• Dataset content:
•••••

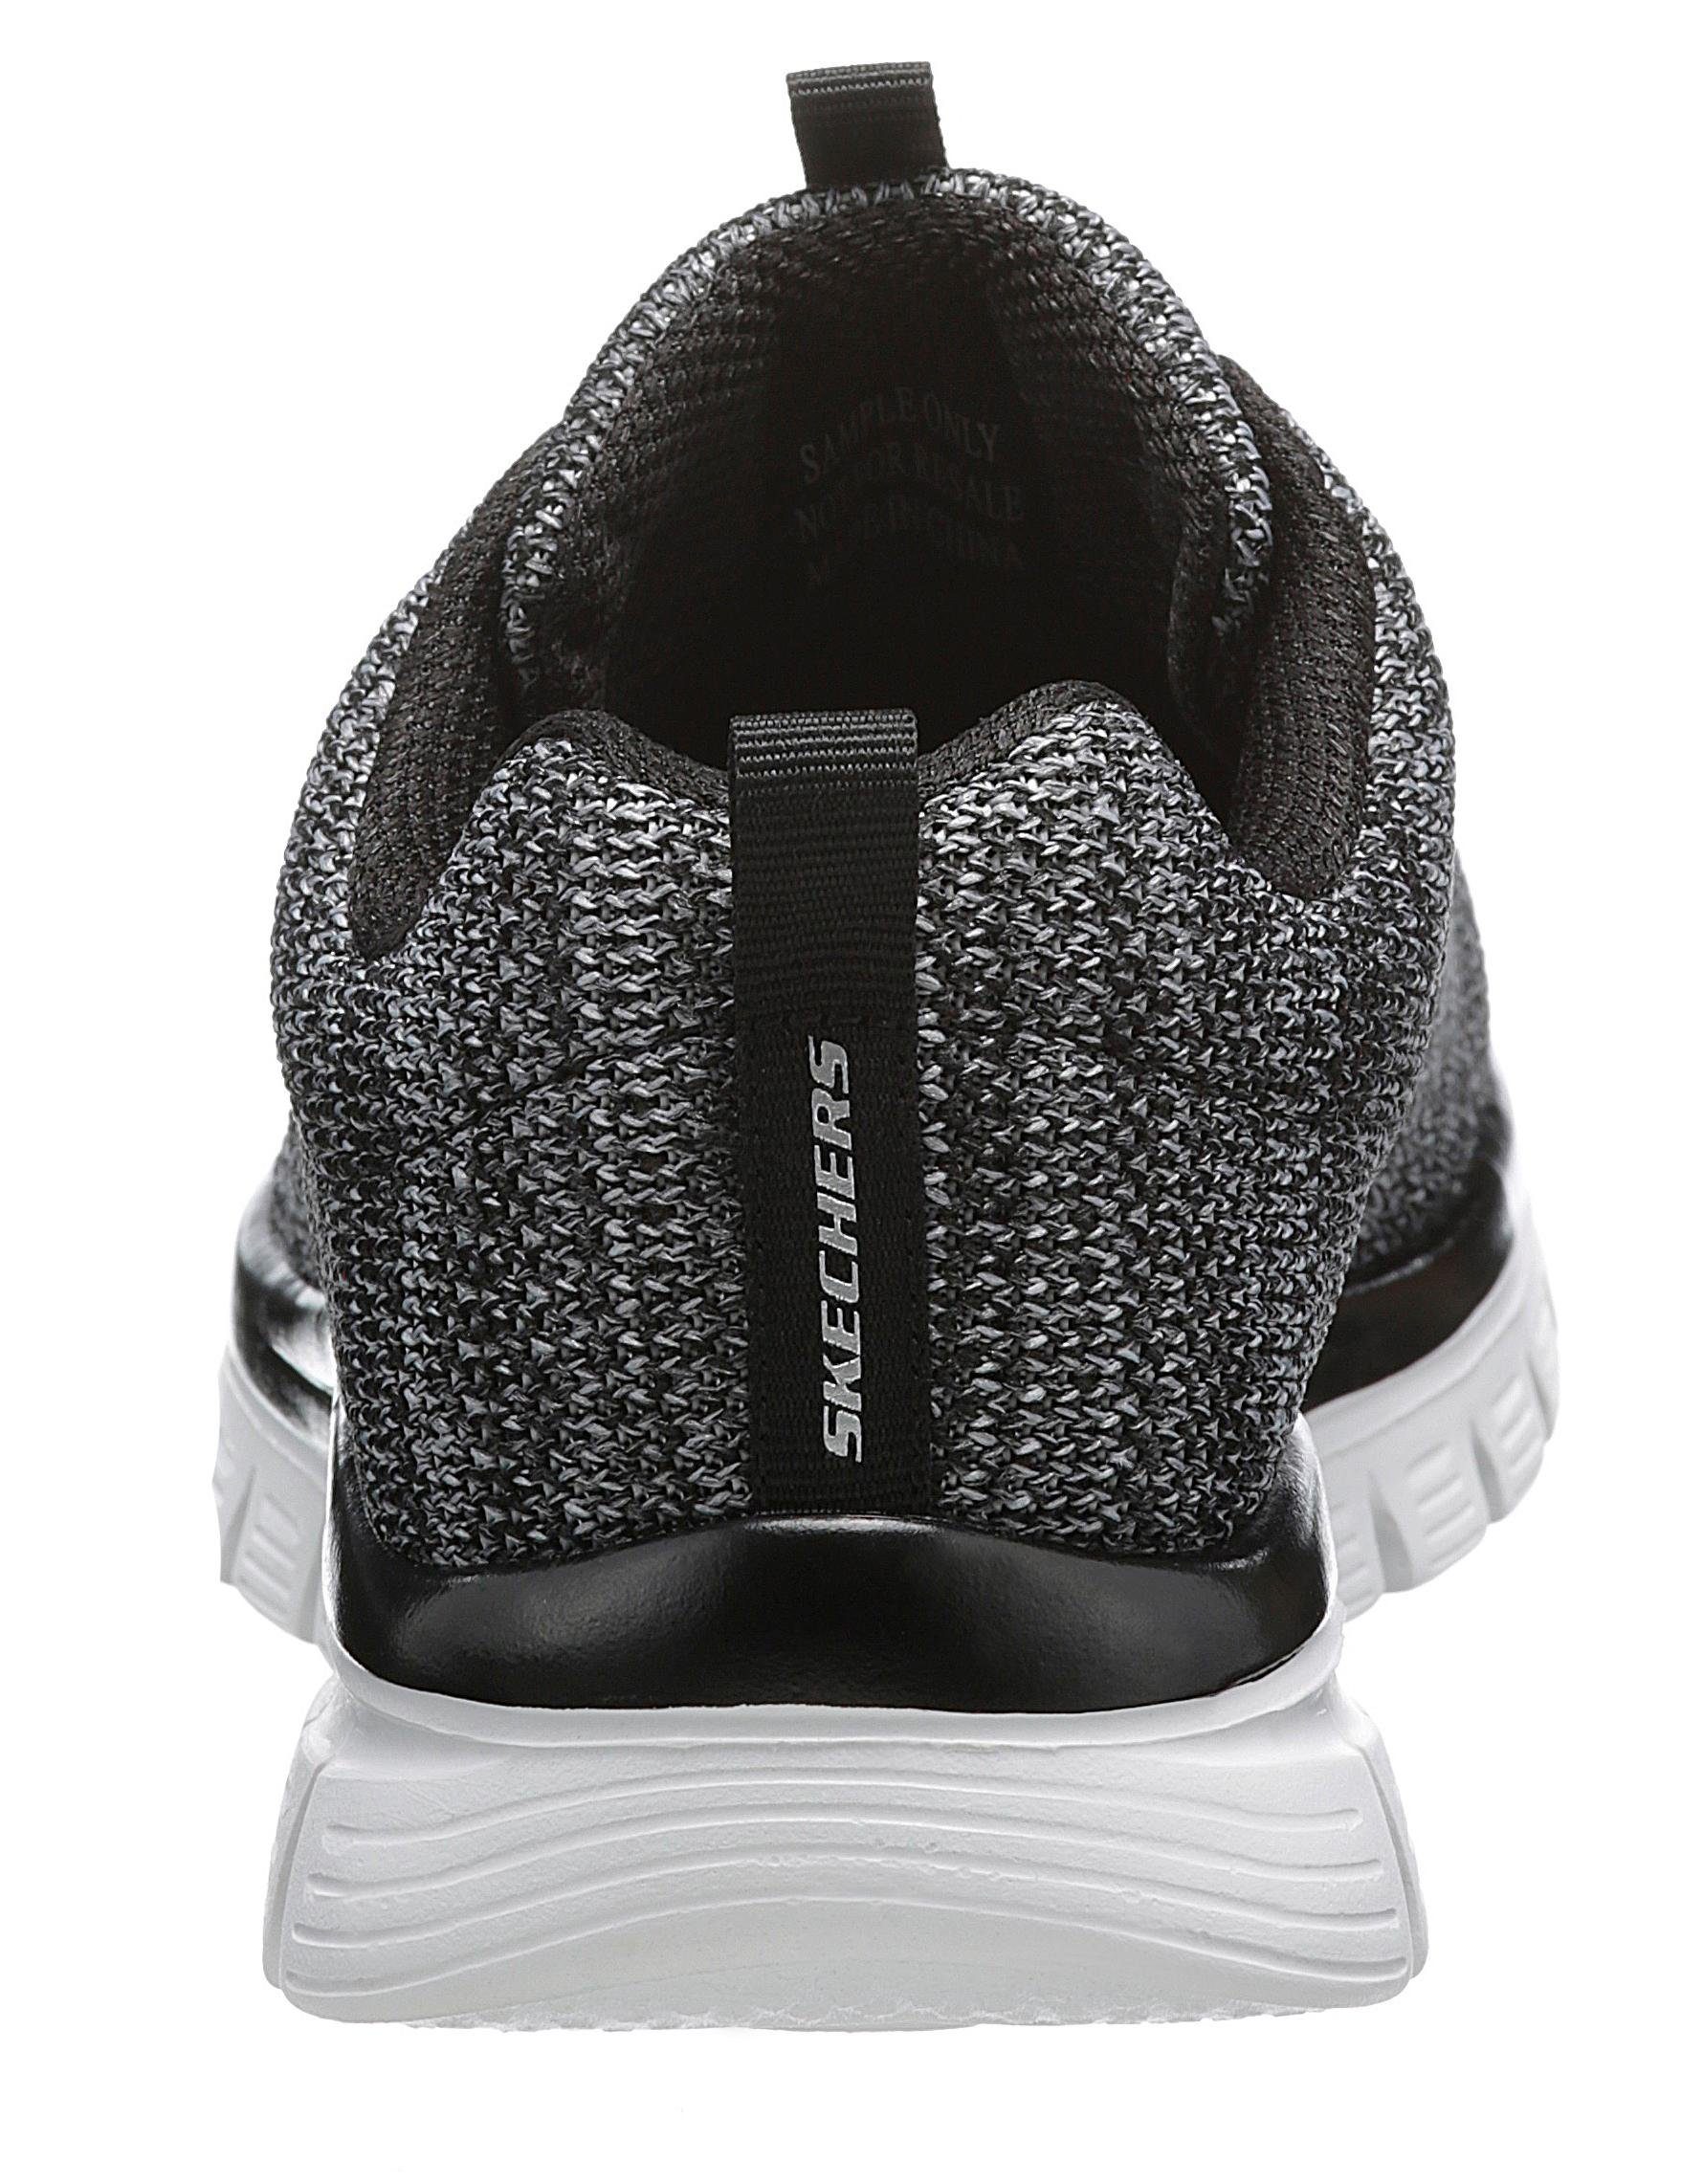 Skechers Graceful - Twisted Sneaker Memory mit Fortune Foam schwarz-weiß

•••••

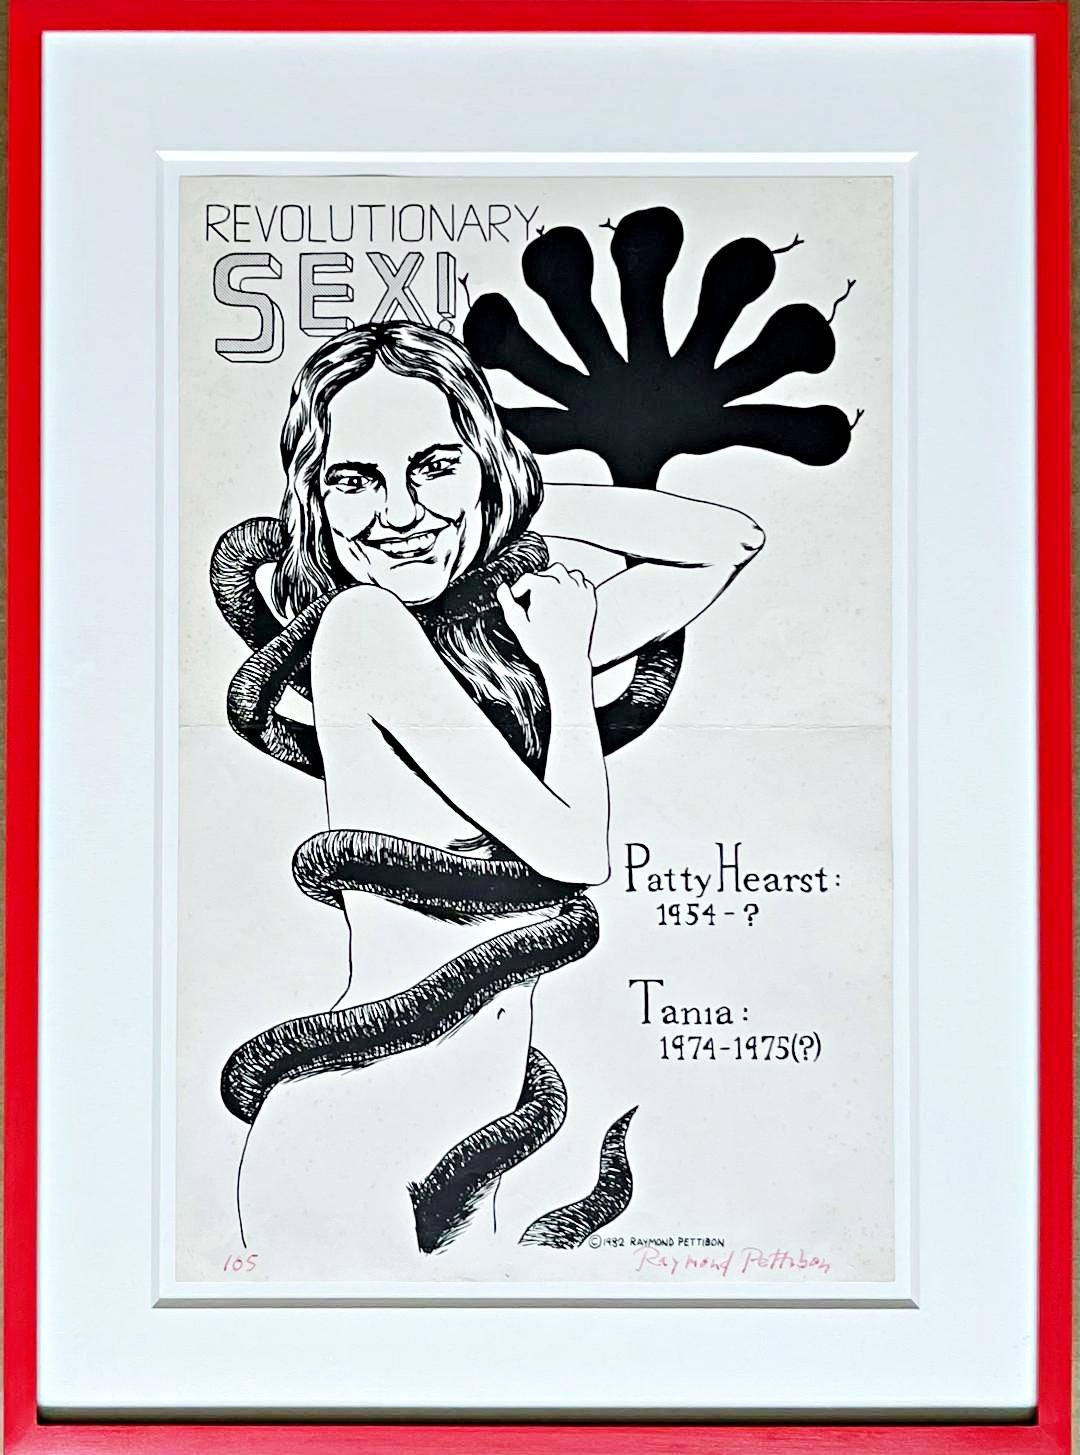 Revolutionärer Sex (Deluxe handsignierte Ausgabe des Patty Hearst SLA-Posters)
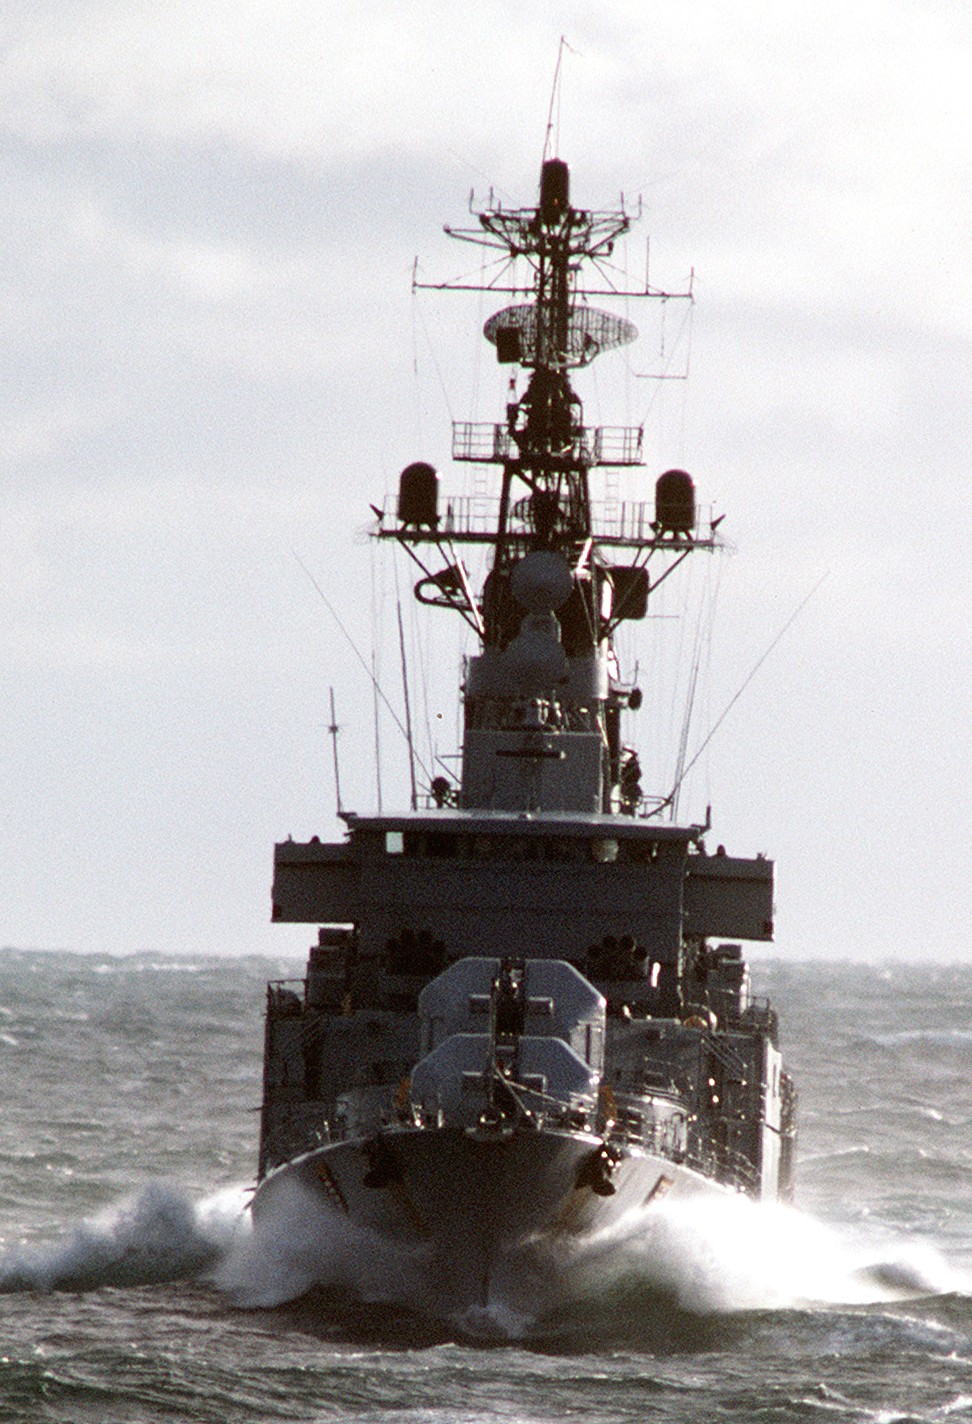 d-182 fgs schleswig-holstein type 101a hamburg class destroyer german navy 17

•••••

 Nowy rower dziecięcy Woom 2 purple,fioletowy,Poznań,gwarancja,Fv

•••••

• Your goal: Everything between and including the line above containing "Revolutionärer Sex (Deluxe" and the line containing "d-182 fgs schleswig-holstein" should be reproduced exactly, with pictures excluded.

• Written solution:
 Revolutionärer Sex (Deluxe handsignierte Ausgabe des Patty Hearst SLA-Posters)
 d-182 fgs schleswig-holstein type 101a hamburg class destroyer german navy 17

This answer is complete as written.